Data extract
• • • • •

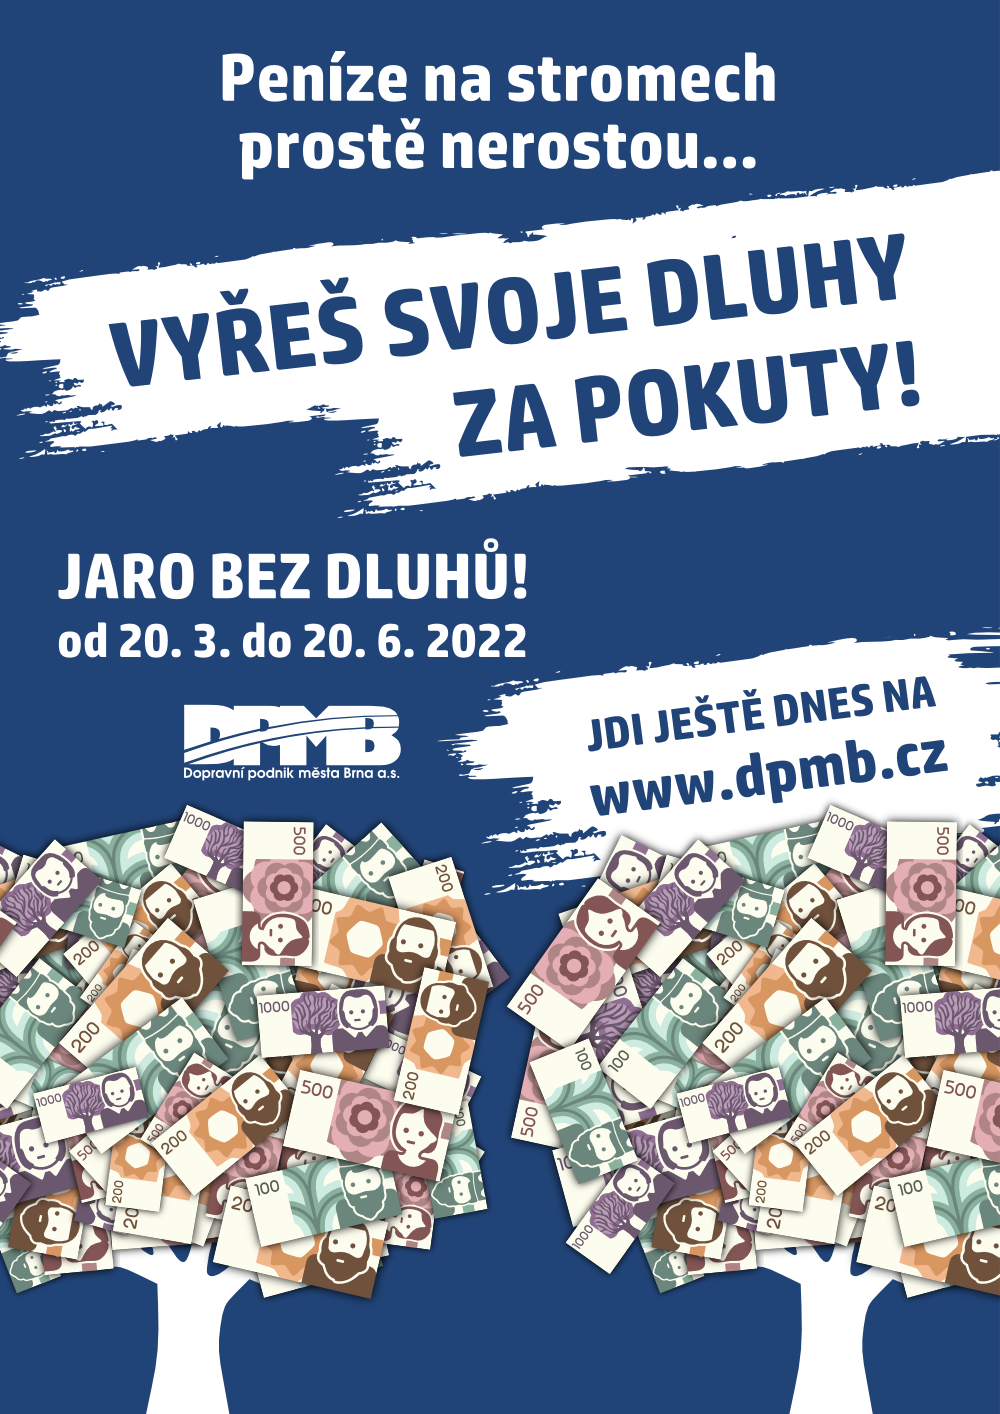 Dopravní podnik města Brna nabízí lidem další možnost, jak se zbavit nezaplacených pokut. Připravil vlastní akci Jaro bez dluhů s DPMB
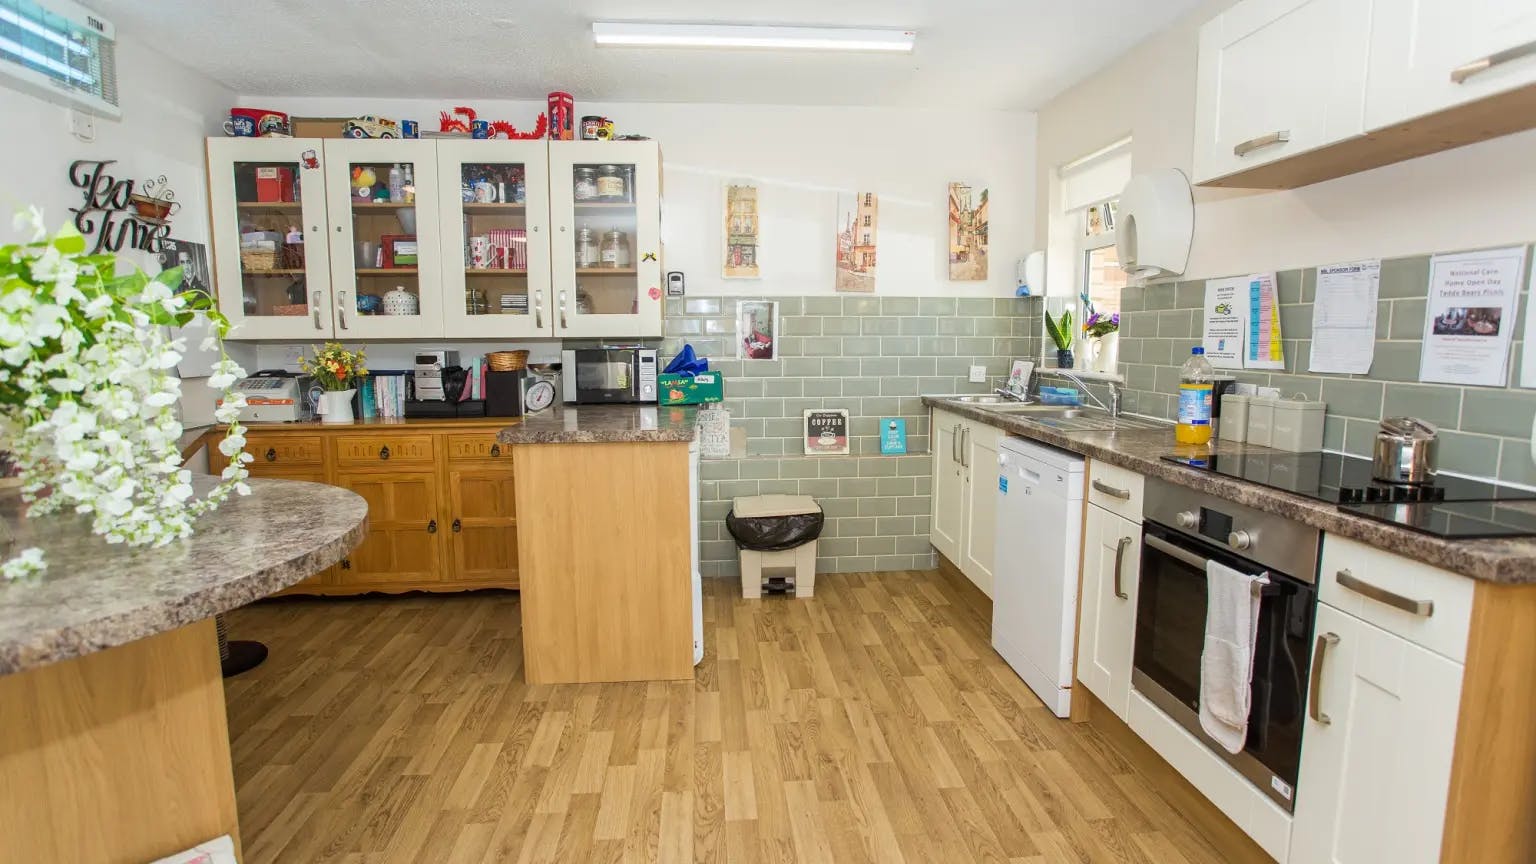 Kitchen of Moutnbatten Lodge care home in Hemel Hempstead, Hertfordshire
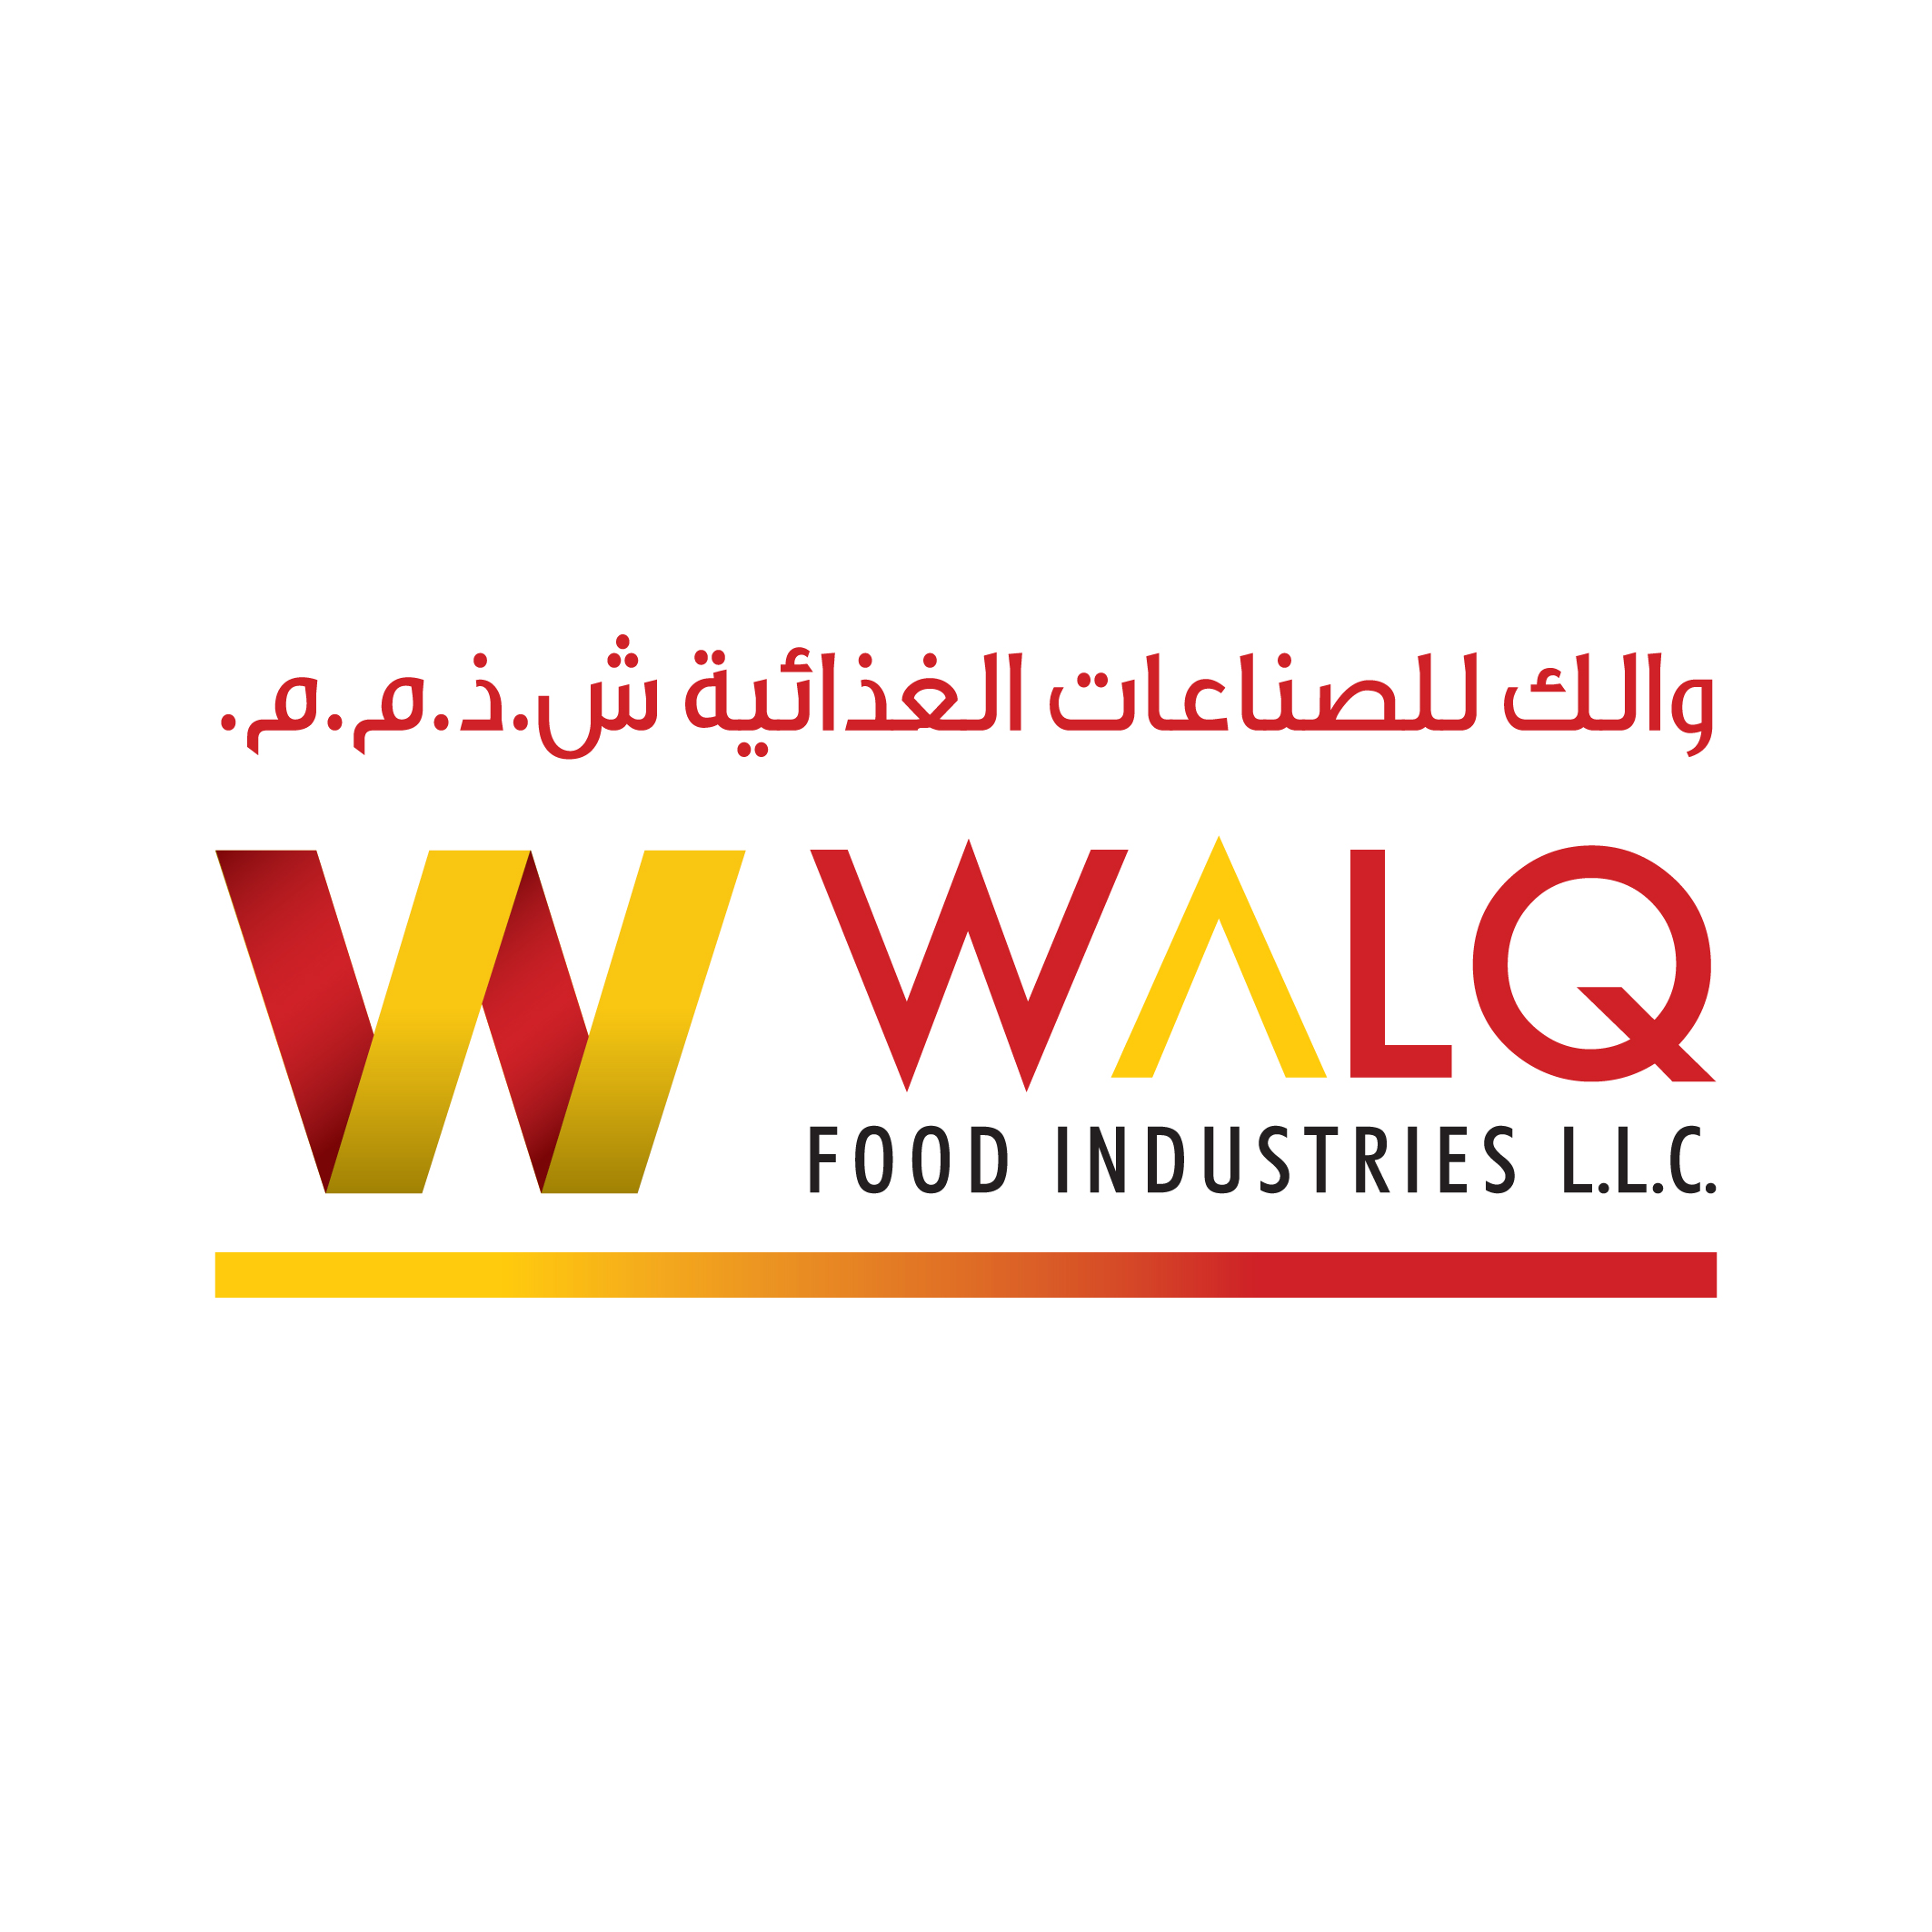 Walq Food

• • • • •

Problem details
The listing above is to be set down word for word, without its images.

Result of this task
 Dopravní podnik města Brna nabízí lidem další možnost, jak se zbavit nezaplacených pokut. Připravil vlastní akci Jaro bez dluhů s DPMB
 Kitchen of Moutnbatten Lodge care home in Hemel Hempstead, Hertfordshire
 Walq Food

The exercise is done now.